Silver Lake, New Hampshire
Around New Year’s, there are a few cars parked in the gravel driveway: one grey minivan, usually. Sometimes a blue car, sometimes red or gray. Depends on who could make it, who drove up with who. Politics. By the time we get there, it doesn’t matter, we’ll use whoever’s for whatever, so long as we all fit. The mountains linger in the distance. On the side of the fridge, a diagram of the peaks. From the living room, laughter.
There is a fire going, and footsteps in the melting snow where two of us have ventured out to the sheds along the house to find more wood that someone else has kept stocked for us. We announce that we are providing for the family anyhow. The moon is silver and crawling up the blue-black winter sky. We leave our shoes by the door.
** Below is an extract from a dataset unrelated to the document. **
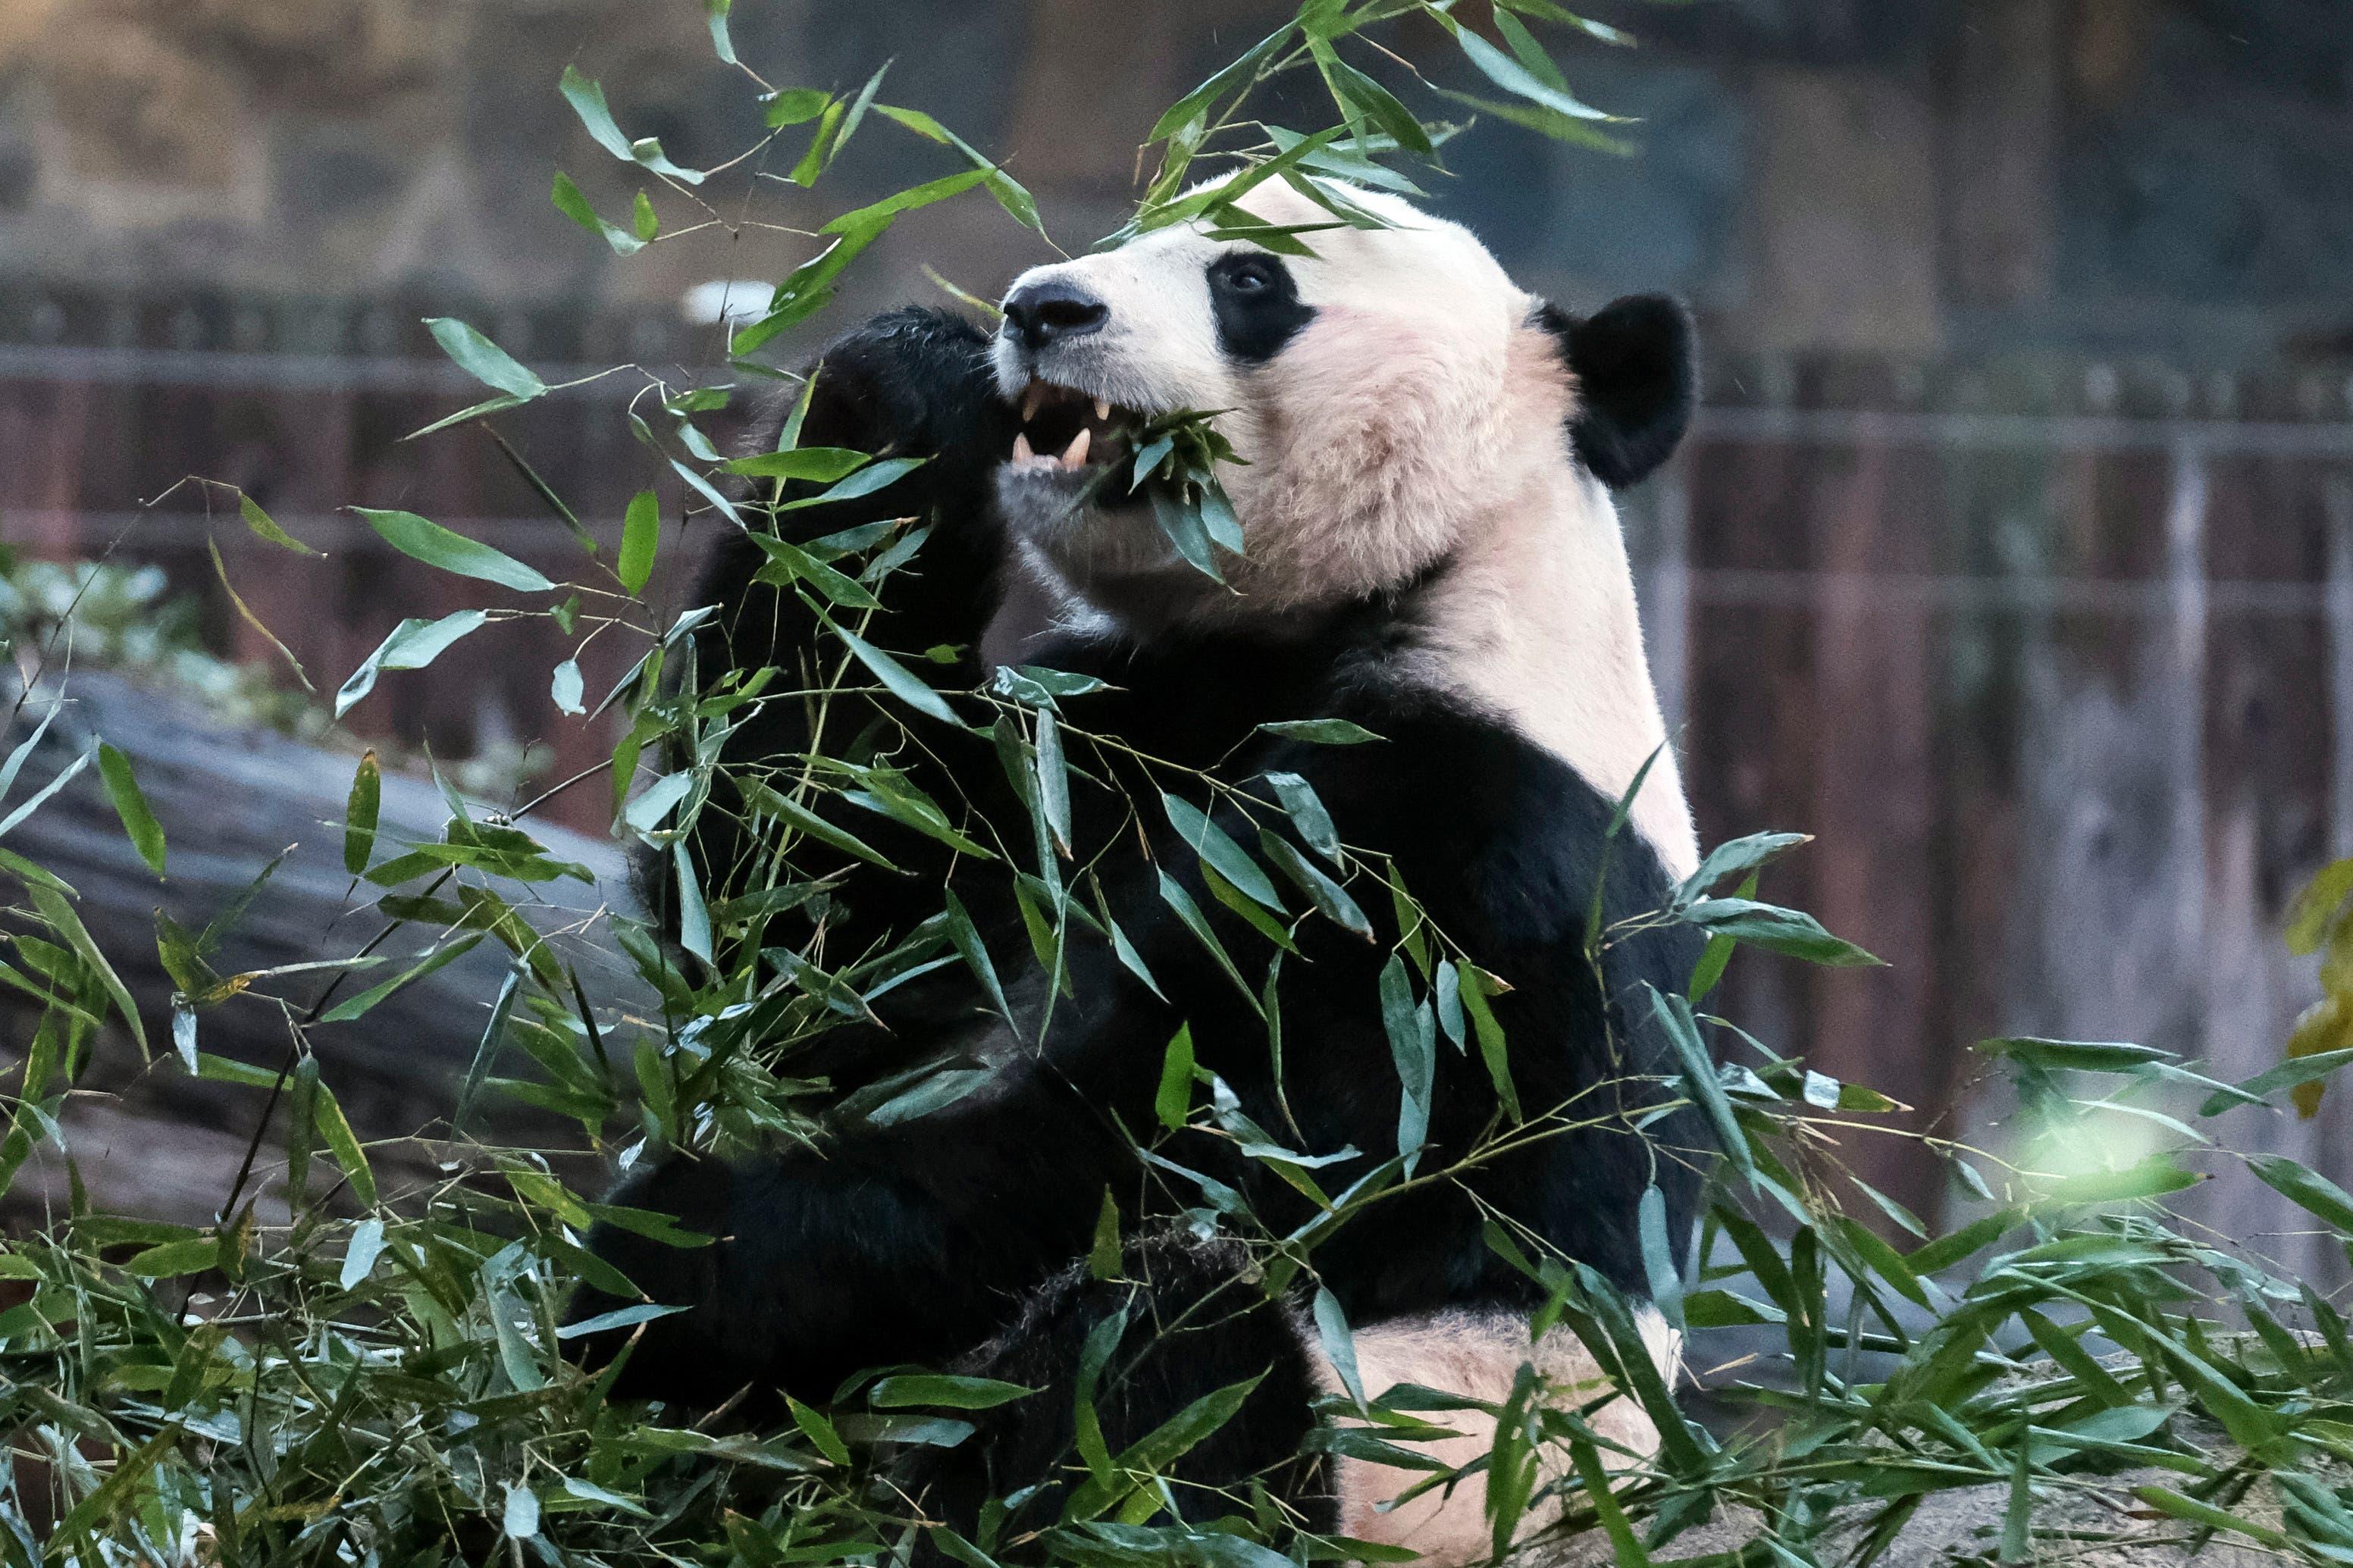 Panda: Erfolg für den Artenschutz: Der Grosse Panda gilt nicht mehr als vom Aussterben bedroht. Die Experten führen den Erfolg auf die Aufforstung von Bambuswäldern in China sowie die Leihgabe von Pandas zur Fortpflanzung an Zoos zurück. Nach jüngsten Schätzungen leben derzeit 1864 Pandabären in freier Wildbahn. In den 1980er Jahren, zum Tiefpunkt der Panda-Zahlen, waren es weniger als 1000 Tiere. Trotzdem ist die Tierart auf der Roten Liste noch immer als «gefährdet» eingestuft. (Bild: Keystone)

The light inside is thick as it pours out from the windows into the cold air, persimmon-yellow. Sasha prods at the fire, which responds in the sharp popping of embers, an emission of sparks. We lay in various states of sprawl around the room: a couple on each of the couches, one in an armchair, and the last two on the floor by the fireplace. My head is on Sasha’s lap as she twists around to stoke the flames, turning back towards the rest of us when she is satisfied. The rug is surprisingly comfortable, soft beneath our legs. We are warmed by the thick blue knit of blankets. I braid the fringe of mine between my fingers. There is tissue paper, holiday wrapping paper, discarded red ribbons strung about from gifts exchanged. Empty bottles of wine and margarita mix decorate the little tables that sit in the center of the circle we make. There were once party hats too. Someone suggests cake.
It’s chocolate from the Hannaford’s twenty minutes down the road with the most gorgeous view. It’s almost unfair, the view from that parking lot. Cars, suburban sprawl, a one lane highway, the bright yellows and reds, and the jagged edge of the mountains overseeing it all. Sometimes I imagine the snowy summits are disappointed with their view. A grocery store, a two-lane highway. Traffic. Sometimes I don’t know what they’d think. We meet in the parking lot on the drive up, sometimes, and go grocery shopping together before we get to the house. It’s hard to coordinate desires without looking at each other. Sometimes we are not women who say what we want. Sometimes we are, though, and when we argue about types of milk, it is like children arguing over Christmas presents, too happy for any real heartbreak over whole versus almond, soy versus oat. It will go in the coffee regardless.
In the living room, it is getting dark. The fire glows like citrus. The cake is now cardboard scraped clean, spoons in a circle like children at summer camp. We admire each other, our own little circle. My sisters and my sisters. I am yawning into into the blanket and dissolving into the carpet and the dying embers of the fire. We settle into silence, leaving only the rustle of the trees in the wind, a car speeding past every so often. No one moves to leave quite yet.